Exercise data Block Start

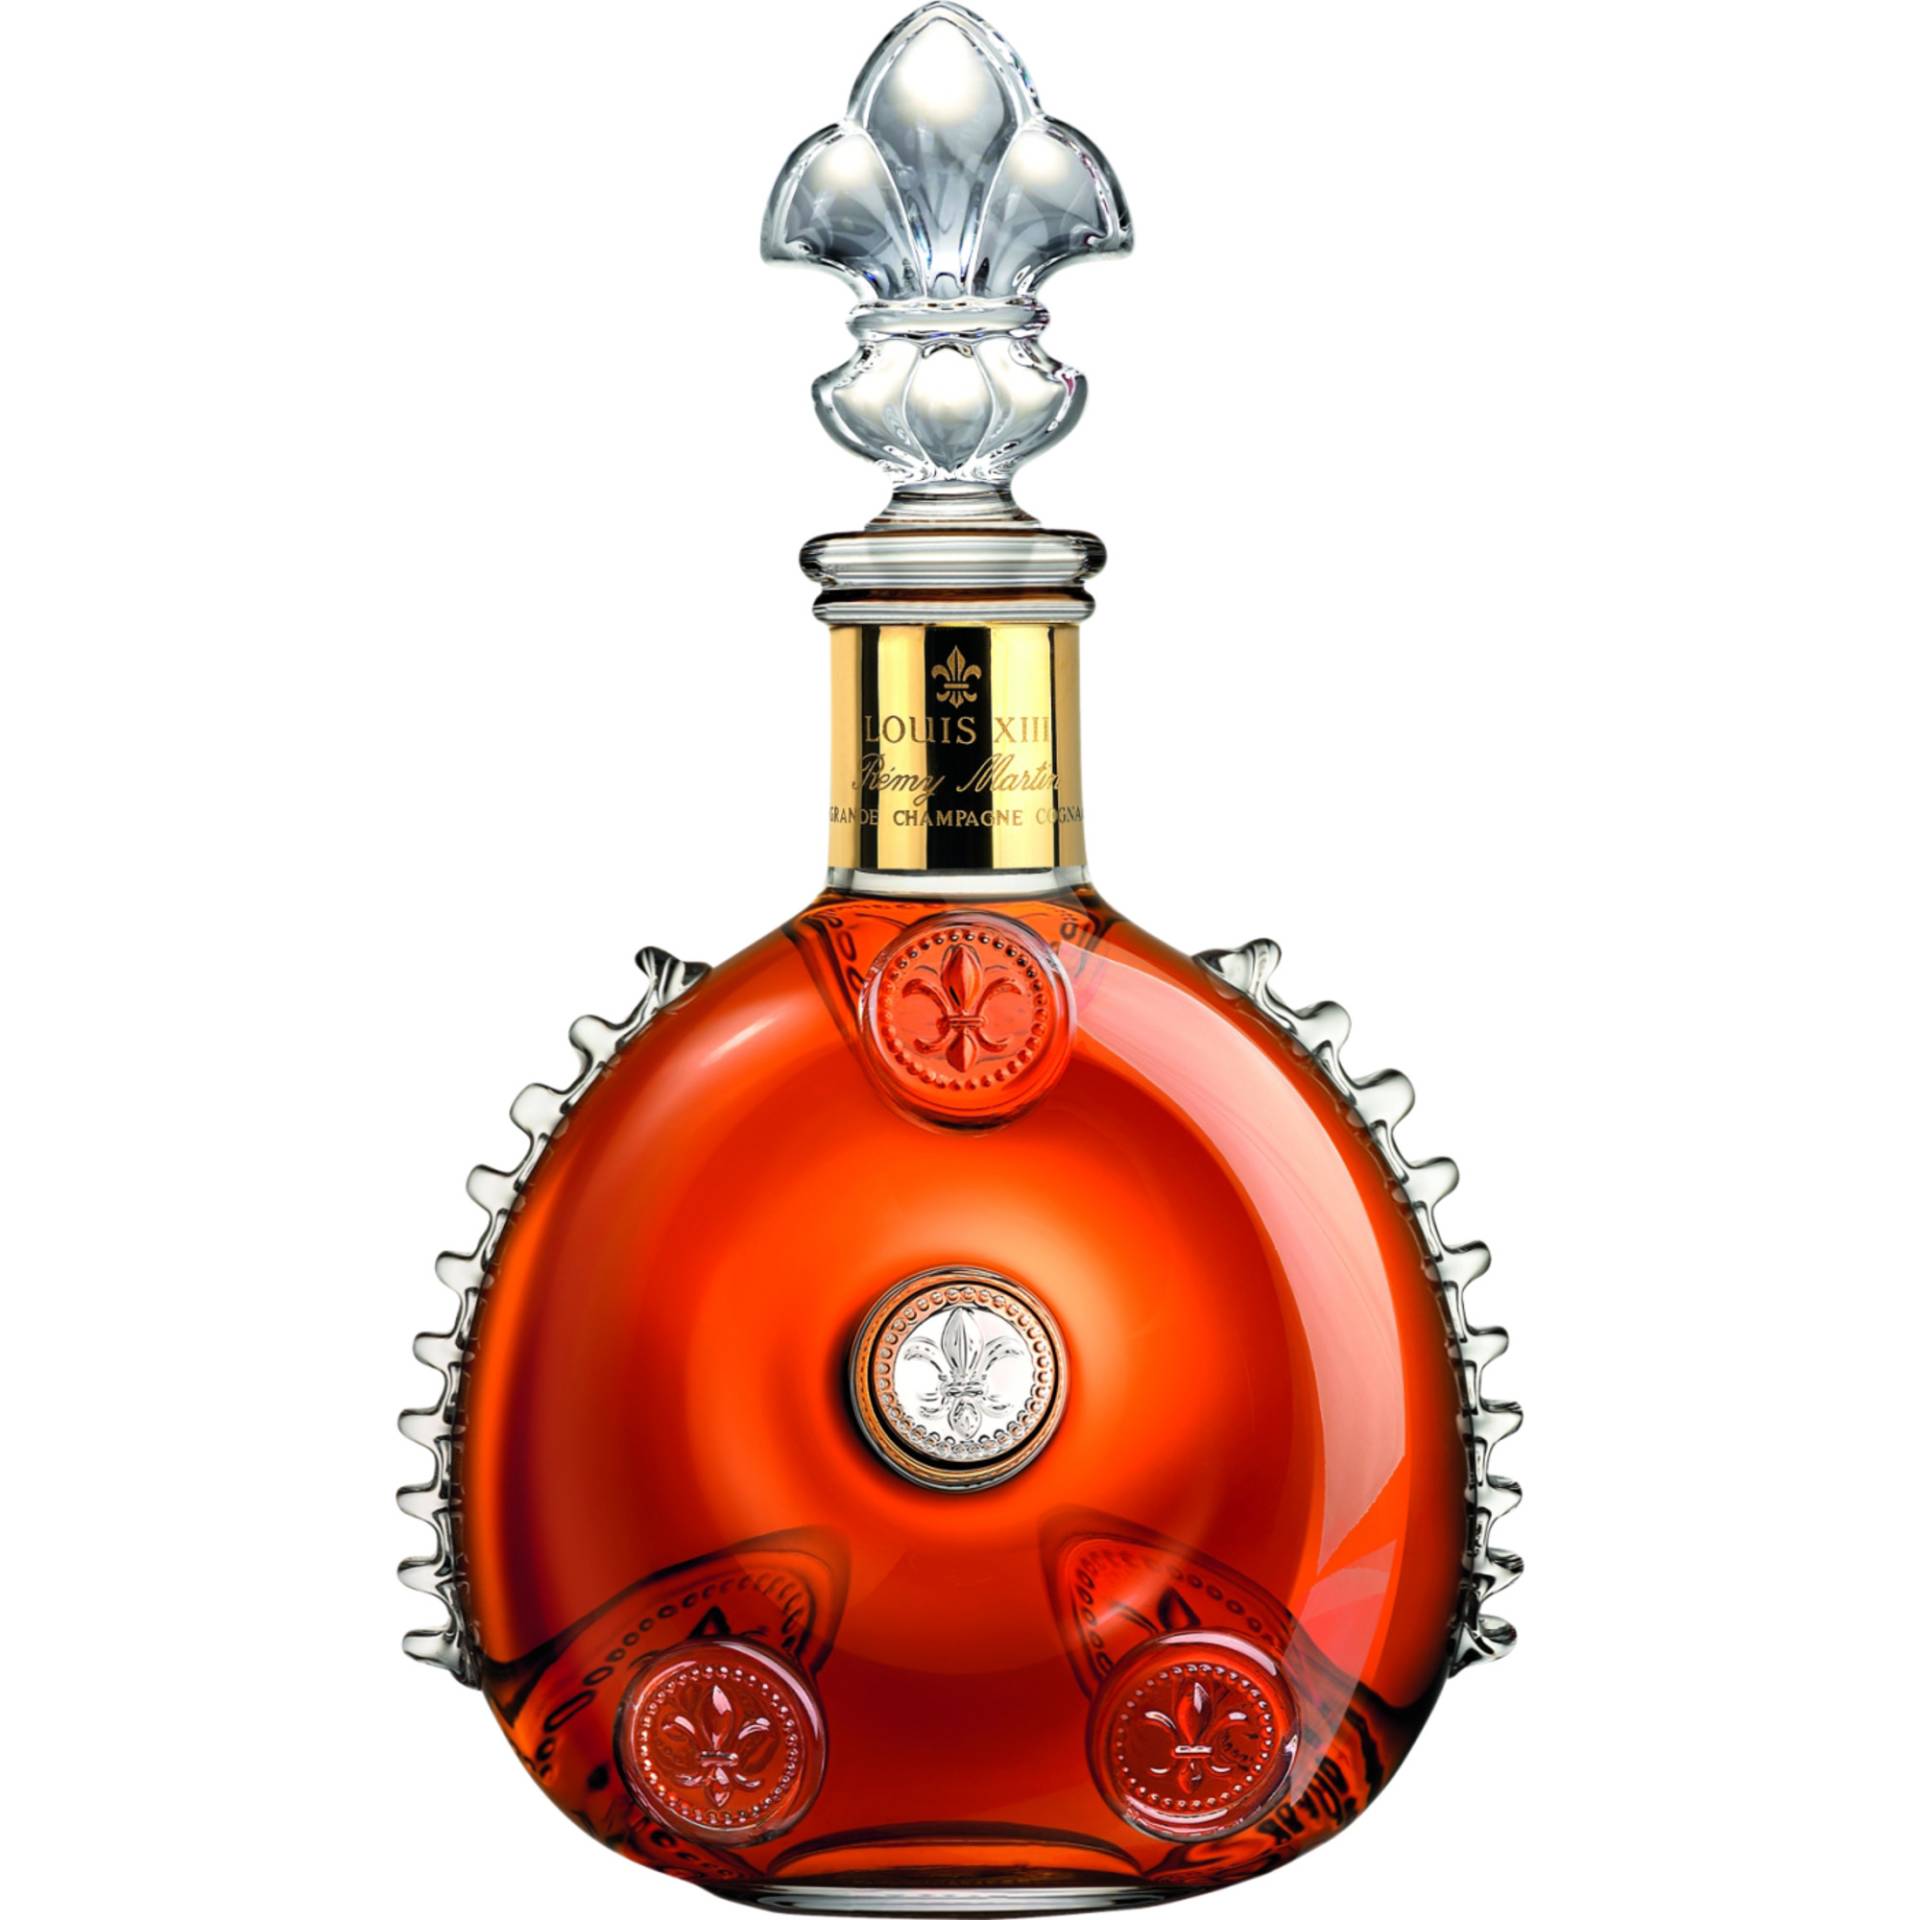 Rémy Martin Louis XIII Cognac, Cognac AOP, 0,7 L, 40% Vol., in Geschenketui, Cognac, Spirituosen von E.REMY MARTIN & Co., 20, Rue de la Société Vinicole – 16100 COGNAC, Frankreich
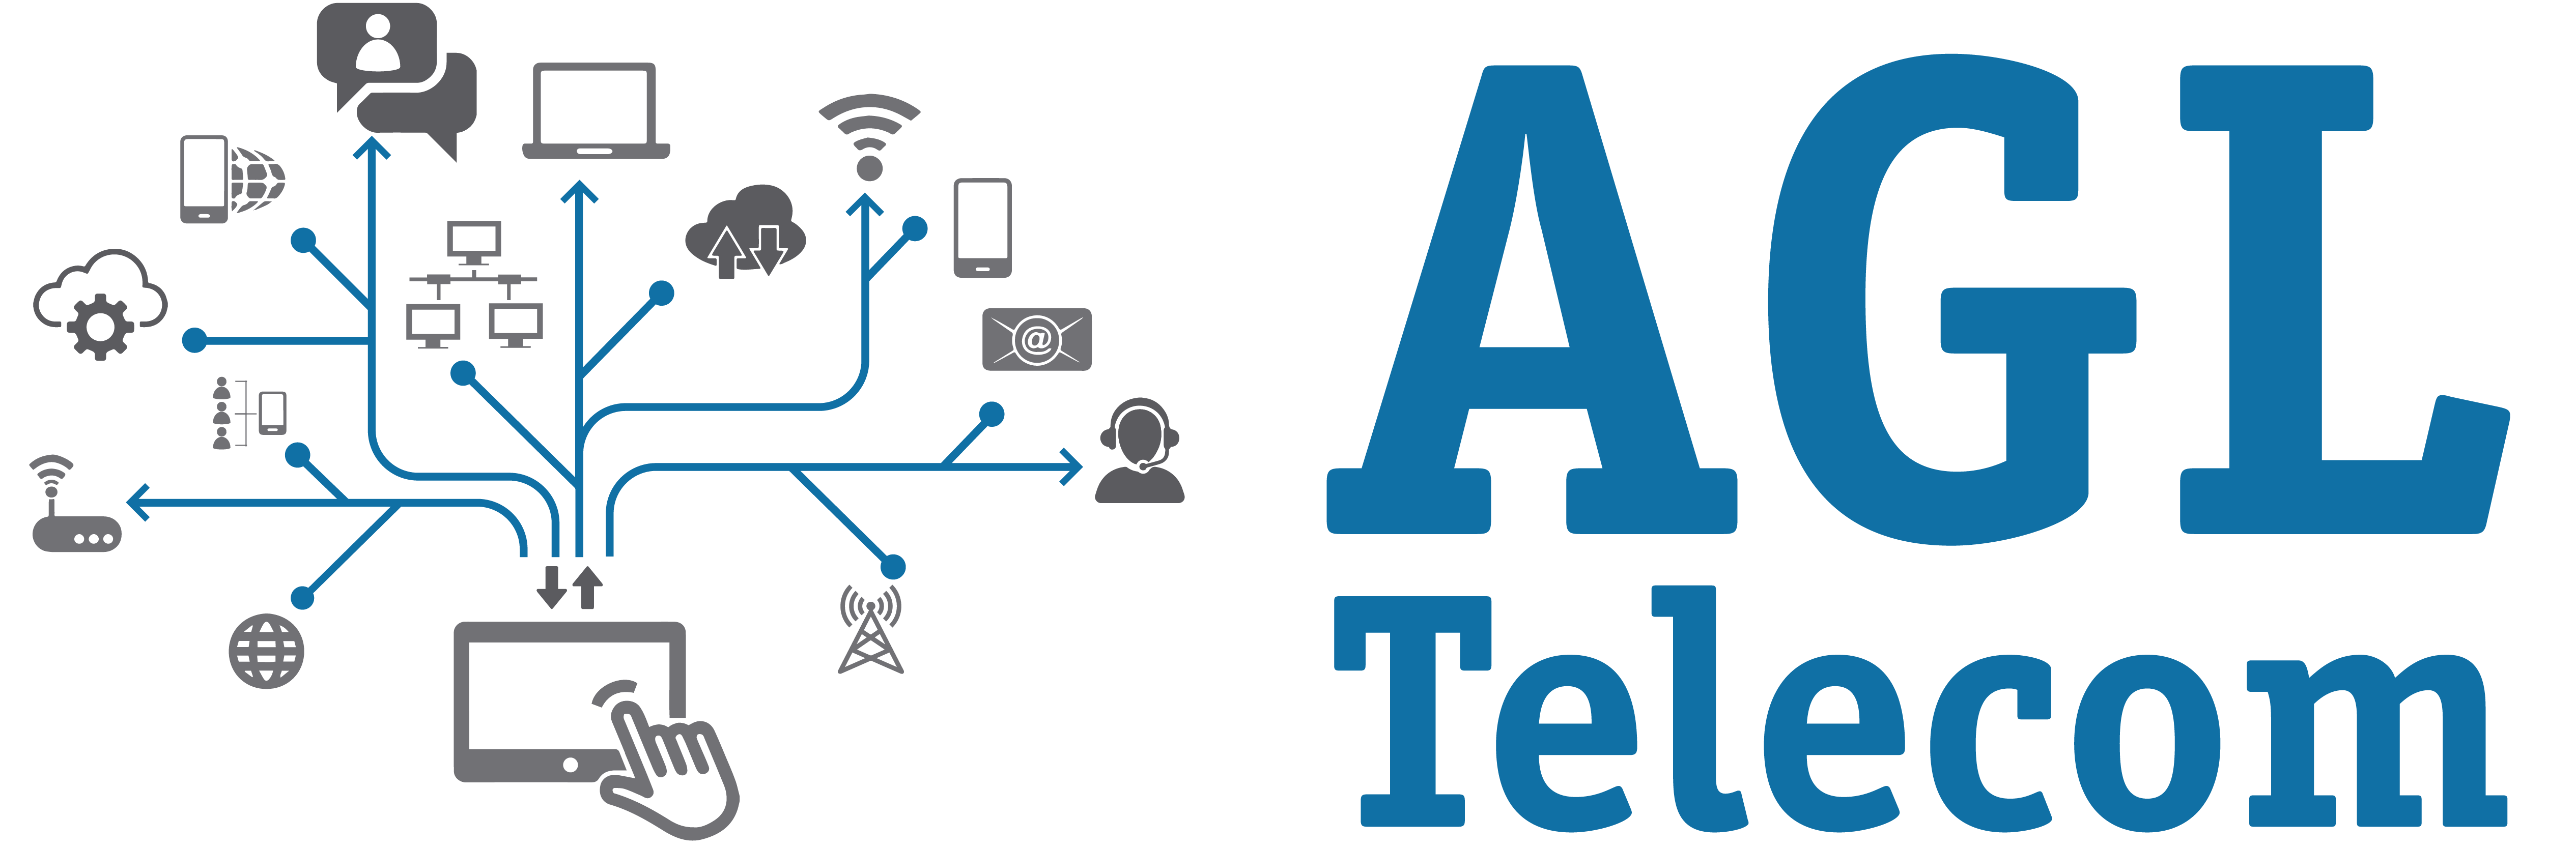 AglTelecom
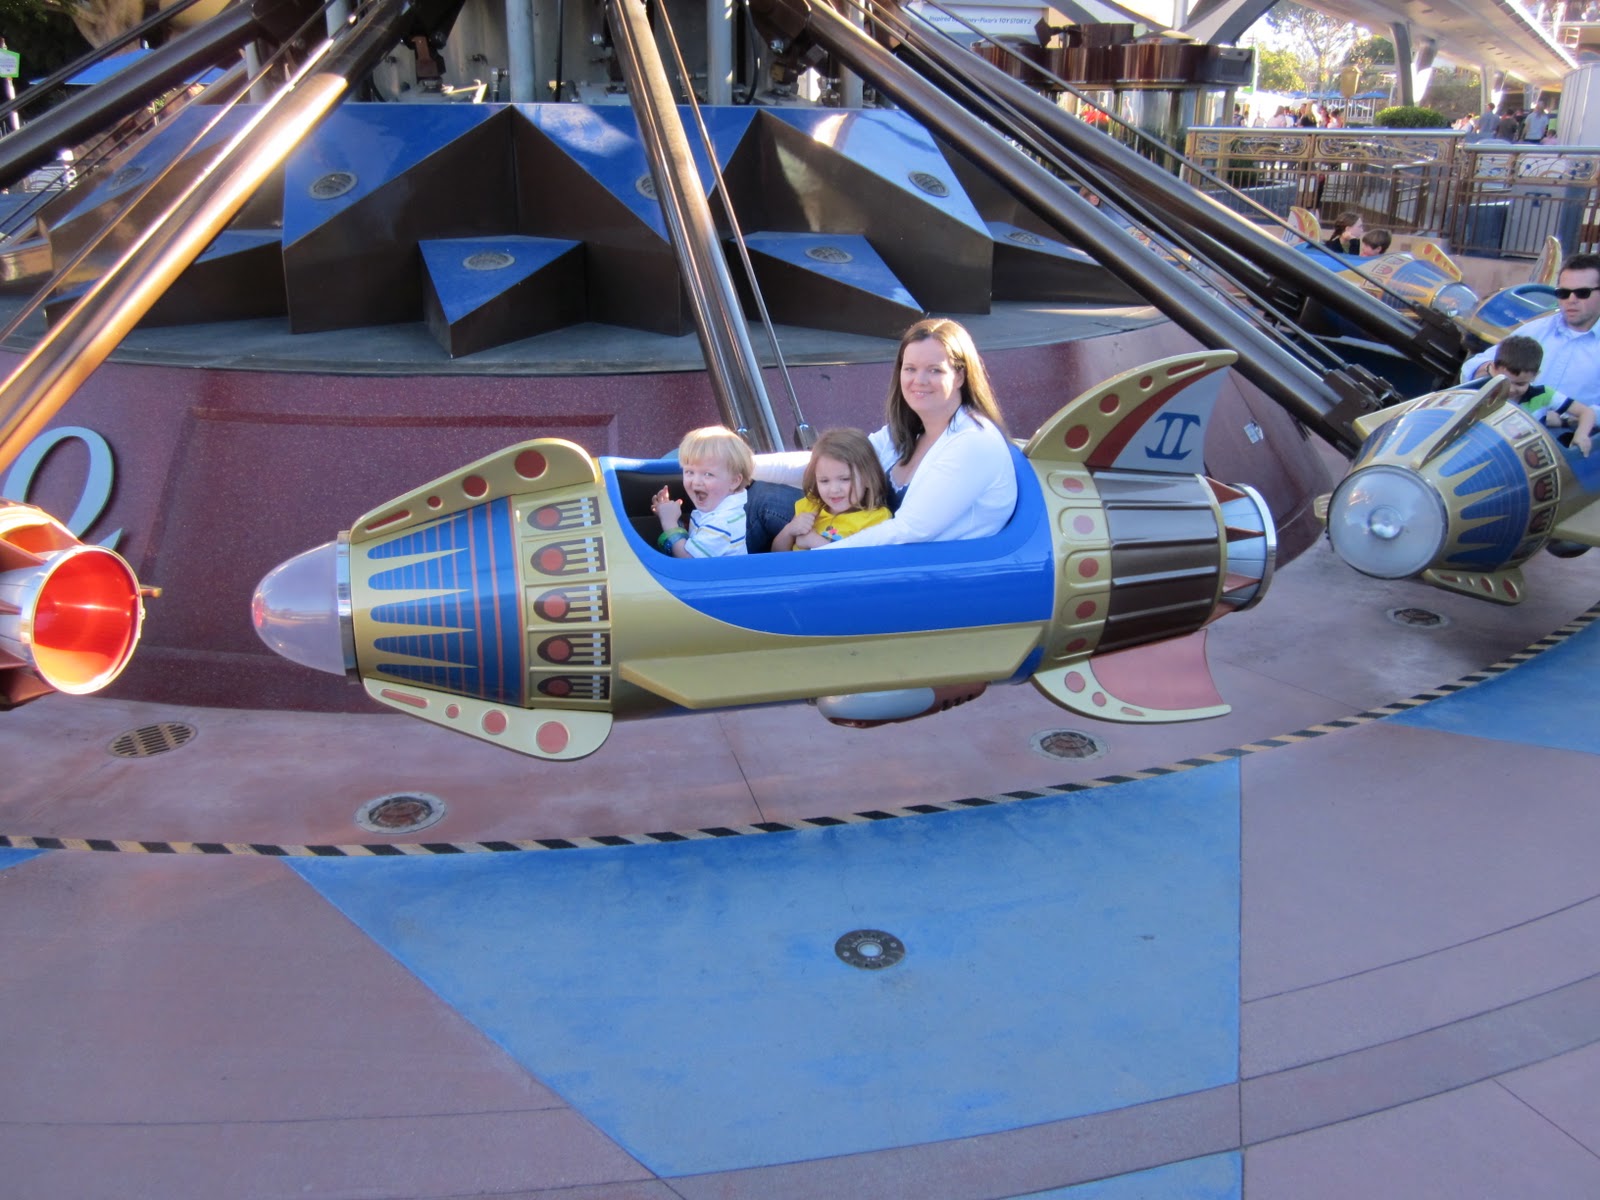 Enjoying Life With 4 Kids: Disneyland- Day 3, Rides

Exercise data Block End

● **Your goal**: Each word of the data should be repeated exactly, and the pictures left out.

● **Answer section**:
 Rémy Martin Louis XIII Cognac, Cognac AOP, 0,7 L, 40% Vol., in Geschenketui, Cognac, Spirituosen von E.REMY MARTIN & Co., 20, Rue de la Société Vinicole – 16100 COGNAC, Frankreich
 AglTelecom
 Enjoying Life With 4 Kids: Disneyland- Day 3, Rides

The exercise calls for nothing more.